深夜十一点五十九分,南城郊区的江家老宅外。
暴雨如注,雷声在云层中翻滚,青石台阶被雨水冲刷得发亮,倒映着门廊下昏黄的灯光。风卷着雨帘拍打在铁门上,发出沉闷的响声,像是某种压抑已久的咆哮。
江砚深跪在门外。
他身高一米九,此刻却低垂着头,湿透的黑色西装紧贴身体,头发贴在额前,水珠顺着眉骨滑落,混着不知是雨还是汗的液体滴在石阶上。他的膝盖压着碎石,指节因用力而泛白,左手腕上的百达翡丽表盘已经渗出血丝——那是生母留下的唯一遗物,也是他十八年来从未摘下的执念。
他是江氏集团的亲生独子,三岁那年被继母沈曼丽设计坠海,从此流落云城孤儿院,生死无名。十八年后归来,身份未被承认,反被拒之门外,像一条流浪狗般跪在祖宅之外。
门内传来高跟鞋敲击大理石地面的声音,由远及近。
来人是沈曼丽,江砚深的继母,江家实际掌权者。她并未露面,只站在门后玻璃内侧,声音透过对讲机传出,带着刻意压制的冷意:“你还知道回来?江家不认罪奴,更不收野种。
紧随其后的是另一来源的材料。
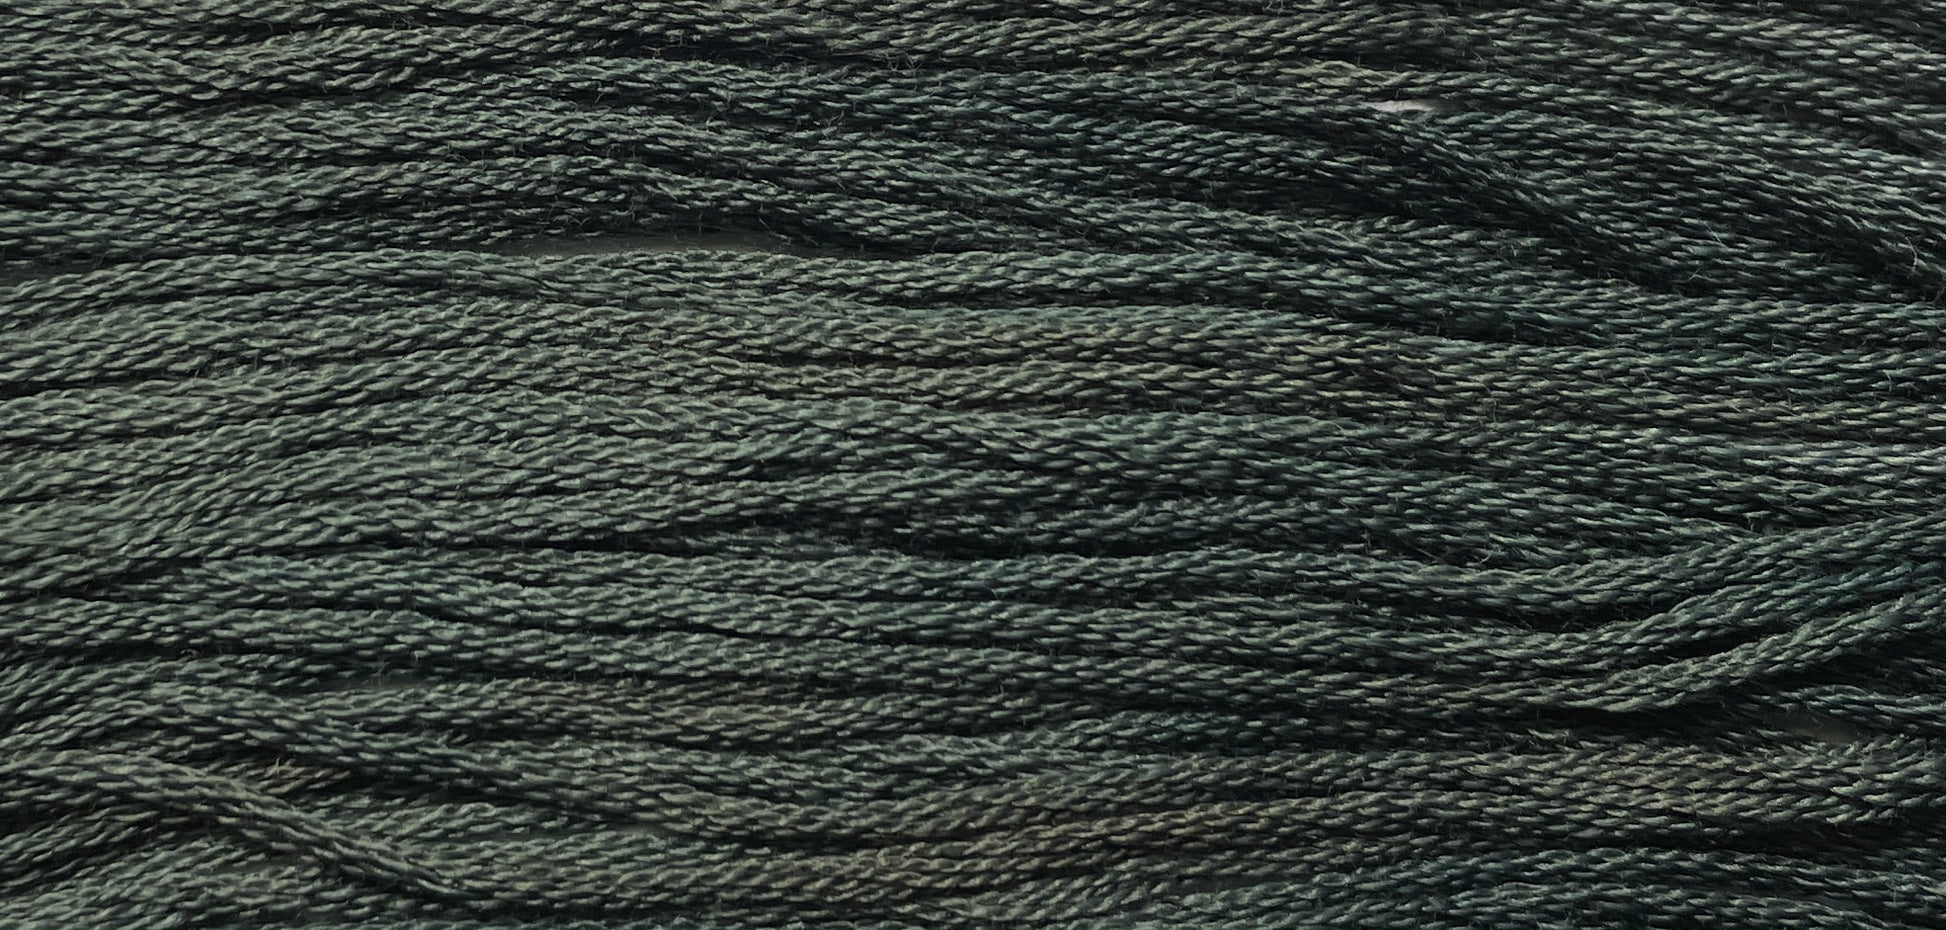 Onyx - Gentle Arts Cotton Thread - 5 yard Skein - Cross Stitch Floss, Thread & Floss, Thread & Floss, The Crafty Grimalkin - A Cross Stitch Store

滚回你该待的地方去。”
江砚深没动。
雨水顺着他的下颌线滴落,肩膀微微颤抖,不是因为冷,而是因为克制。他知道这扇门后有多少双眼睛在盯着他,监控、保镖、隐藏在暗处的杀手。他不能死在这里,至少现在不能。
他在等。
零点整。
脑海中忽然浮现一行文字:【签到成功。财富值已注入全球匿名账户,额度:1×1012(万亿)。解锁能力:碎山之力,持续时间三分钟,冷却二十四小时。】
他的呼吸一顿。
万亿财富,对他此刻而言毫无意义。但他能感受到体内骤然涌起的力量,像是地底岩浆冲破封印,沿着骨骼蔓延至四肢百骸。他的皮肤下仿佛有某种纹路在游走,右手指尖微微发烫。
他缓缓闭眼,用钢笔在掌心转了三圈,动作缓慢而稳定。这是他从小养成的习惯,每当情绪失控前,总会这么做。
然后,他站了起来。
膝盖离开碎石,血迹留在青石上。他抬手抹去脸上的雨水,目光穿过铁门,直视门后的阴影。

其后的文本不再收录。